SUBJECT: Ph.D. Proposal Presentation
   
BY: Christopher Fernandez
   
TIME: Wednesday, July 3, 2019, 1:00 p.m.
   
PLACE: LOVE Building, 295
   
TITLE: Comparison of Simplified Physics-Based Building Energy Model to an Advanced Neural Network for Automatic Fault Detection
   
COMMITTEE: Dr. Sheldon M. Jeter, Chair (ME)
Dr. Said Abdel-Khalik (ME)
Dr. Godfried L. Augenbroe (ARCH)
Dr. Thomas Lawrence (ME)
Dr. Zhuomin Zhang (ME)
 

SUMMARY

uildings are complex structures with dynamic loading and ever-changing usage. Additionally, the need to reduce unnecessary energy consumption in buildings is increasing. As a result, buildings and building energy systems should be designed to conserve energy, and buildings should be monitored and evaluated to ensure that the designs are executed properly and that the buildings are operated correctly. Most building designers now use very adequate energy modeling software to support the design task. However, the problem with the current lineup of programs is that they require extensive inputs for material properties and usage loads; this results in spending extensive amounts of time performing model calibration or having to adjust multiple values to bring a model in alignment with actual building use. As a consequence, the existing software is complex and awkward for efficient monitoring and evaluation, especially for fault detection and diagnosis. Due to the limitations of current modeling programs, development has begun on rule-based and component-based fault detection by a number of companies. However, a suitable rigorous physics-based model has not been developed for the purpose of fault detection. Consequently, this proposed thesis research will include the design, development, evaluation, and testing of a model-based fault detection program and procedure.

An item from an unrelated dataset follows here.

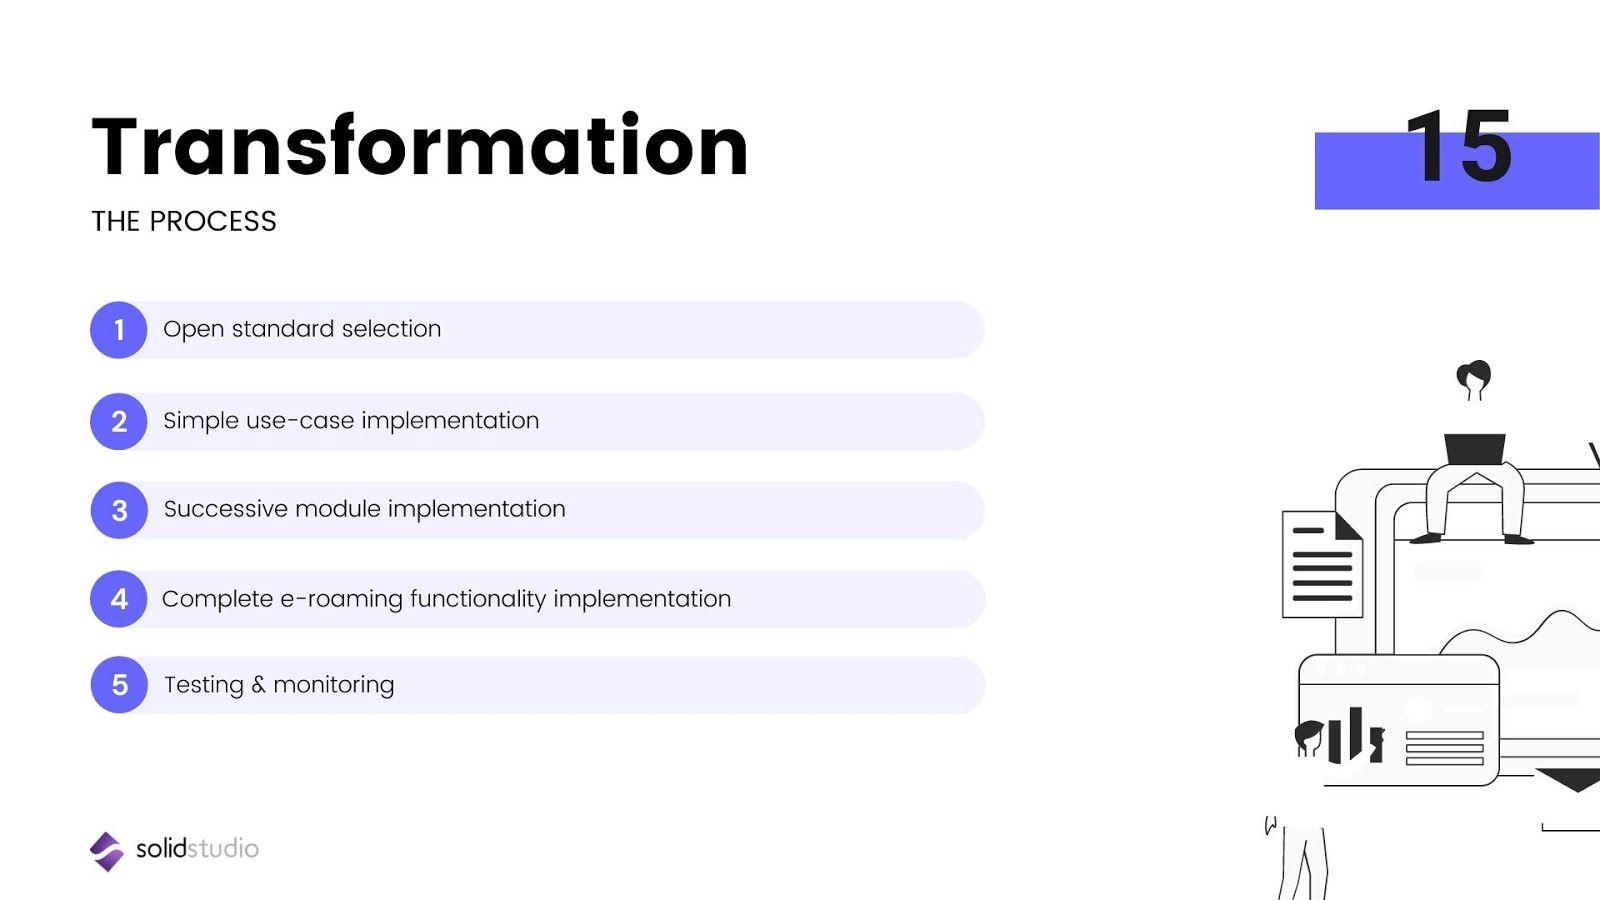 Unlocking eMobility platform using Open Standards - Transformation process

This research proposed herein will result in the development, testing, and refinement a simplified by rigorous and complete physics-based model for buildings and building energy systems that is purposely designed and implemented to support fault detection and similar applications. The usefulness and effectiveness of this simplified physics-based model (SPBM) will be demonstrated by comparison with the obvious currently available alternative, a state of the art purely data driven neural network black-box model. The proposed models, a simplified physics-based energy model and a neural network, will evaluate total building performance using weather and minimal load data that is common to most buildings to determine, identify, and measure the impact of building faults. There is currently no whole-building simplified fault modeling program, as such, evaluation of performance and accuracy of such a system to a state-of-the-art machine learning model will provide substantial insight to current and future fault detection methods.